I have always been a huge believer in second opinions; however, one of the most stressful and anxiety-provoking things is when the experts do not agree.  I am then in the position of having to sort through the differ­ences, try to under­stand how they have arrived at different conclusions, and then try to make a deci­sion based on available and usually inade­quate information.

It’s not exactly news to anyone with multiple myeloma that there are a lot of medi­cal decisions to be made during the course of treatment.  It’s also under­stood that even from the time of initial diagnosis, in many situa­tions, the answers are far from clear.

As I have progressed in my treatment and have gone down a road that seems to have fewer and fewer people on it, this problem seems to have become even worse.  The ques­tions have become more compli­cated, and the data to support any answer is much thinner.

I am now 11 months out from my donor (allogeneic) stem cell transplant ^[1].  I relapsed with extramedullary disease ^[2] (myeloma outside the blood and bone marrow) after the transplant but was able to get that under control with radiation and the “CYCLONE” regimen: Kyprolis ^[3] (carfilzomib), cyclo­phos­phamide ^[4] (Cytoxan), thalidomide ^[5] (Thalomid), and dexamethasone ^[6] (Decadron).

I also had a donor lymphocyte infusion ^[7] (DLI, an infusion of more donor cells) one month ago.  The idea be­hind the DLI is to ramp up the new immune system even further to try to generate a larger graft-versus-tumor effect, in which the donor immune cells fight the multiple myeloma.  The risk, of course, is to exacer­bate graft-versus-host disease ^[8] (GVHD) as well; GVHD is a common complication of donor stem cell transplants that occurs when the donor immune cells mistake the host’s cells as foreign and attack them.  It is a deli­cate balancing act.
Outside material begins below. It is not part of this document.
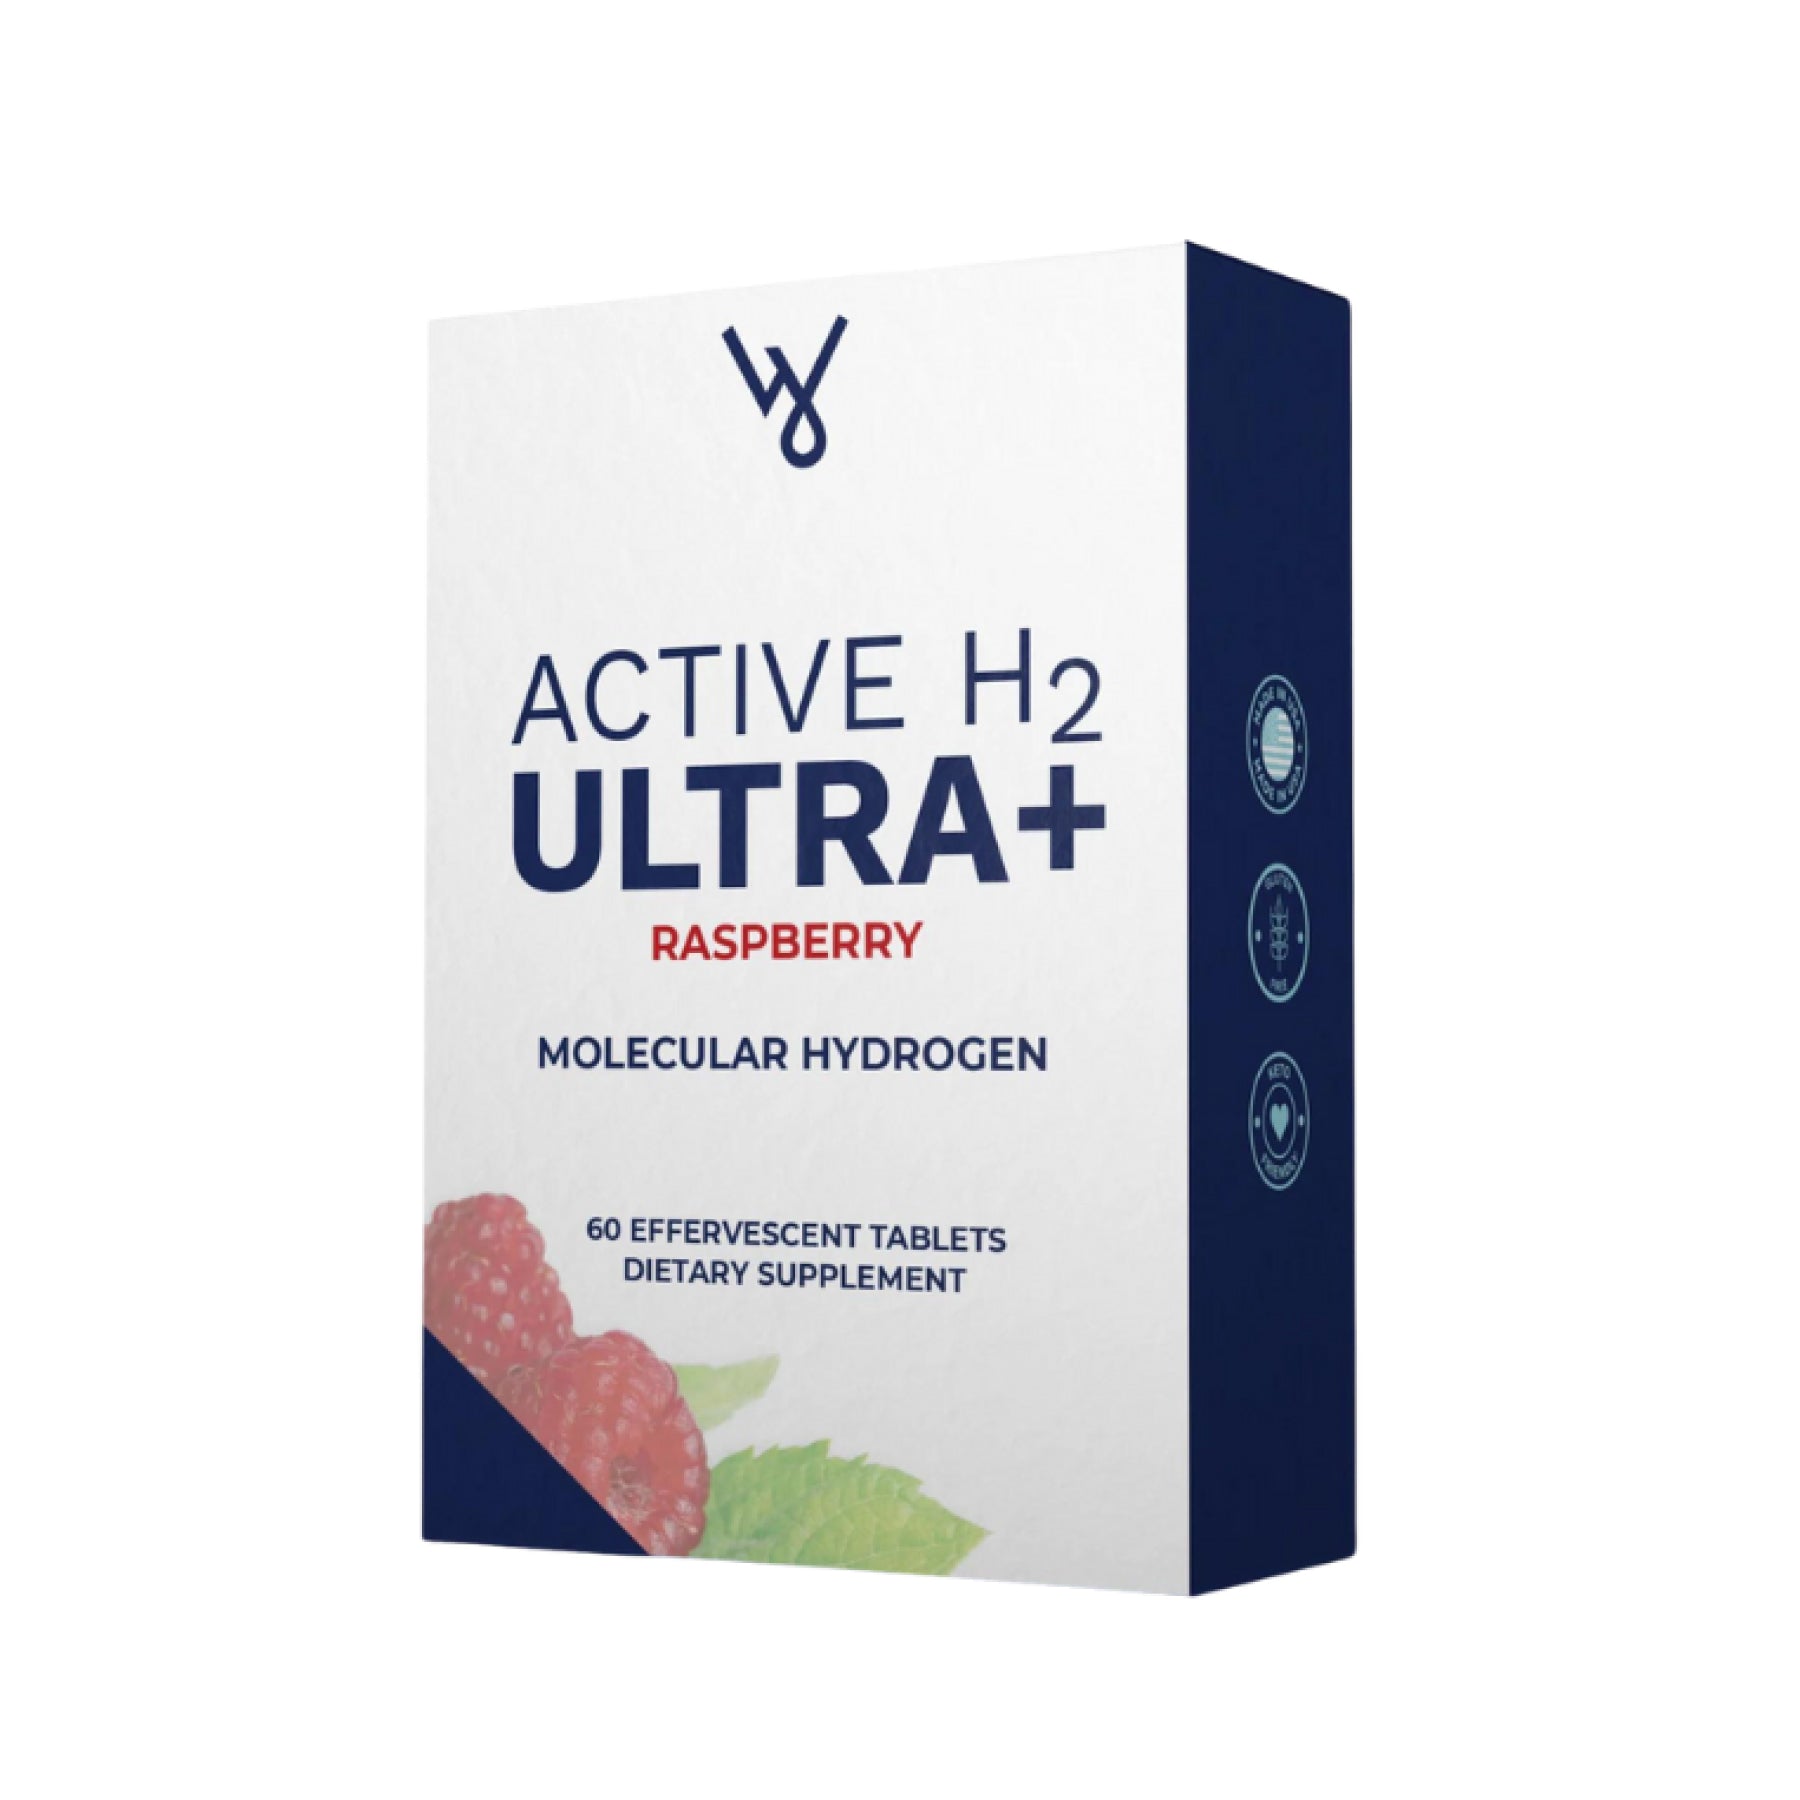 Active H2 ULTRA+ - Raspberry

This is where it gets really tricky.  The question now is how best to control the multiple myeloma, take ad­van­tage of the transplant and DLI to generate the graft-versus-tumor effect, and not be miserable or sick from GVHD.

The short answer is no one really knows the best answer.

There seems to be agreement on a few points.  One is that I continue to have aggressive disease that re­quires continued treatment.  The second is that single-drug therapy is probably not adequate.  The third is that my best hope for some meaningful long-term survival is to be able to take advantage of the graft-versus-tumor effect of my new immune system.  Beyond those points, everything else is less clear.

How soon after DLI should I start therapy?  What drugs will best achieve the delicate balance of controlling the disease and taking advantage of the transplant without suppressing or over activating the new immune system too much?

As I have mentioned before, many of the myeloma drugs have an effect on the new immune system one way or the other.  Velcade ^[9] (bortezomib) and by inference Kyprolis have been shown to suppress GVHD.  Thalido­mide has also been shown to suppress GVHD.  Paradoxically, Revlimid ^[10] (lenalidomide), while a cousin of thalidomide, is known to ramp up GVHD.  While Revlimid’s effect on the immune system can be used to an advantage to increase the graft-versus-tumor effect, there is significant risk of exacerbating serious GVHD.  And it’s not know whether using Kyprolis will dampen the graft-versus-tumor effect.

There really aren’t enough people in my specific situation to have any meaningful studies to answer the questions about which treatments to use and when.  Doctors are forced to rely on what is known of the basic science, anecdotal experience, and finally and sometimes most importantly, gut feelings.

I get all this.  Of course I don’t want to do anything stupid, but at this point I am more than willing to take some chances and to try some things outside of the box.  Somehow I don’t think that playing it safe is the answer right now.

We are planning with some trepidation to use Kyprolis starting two weeks after DLI and add Revlimid begin­ning four to six weeks after DLI.  This might work, it might be a disaster.  We can always change course in midstream if need be.

I know to some extent I’m a guinea pig.  I accept that.  I don’t think there is a lot of choice.  The good news is that it seems like there are options.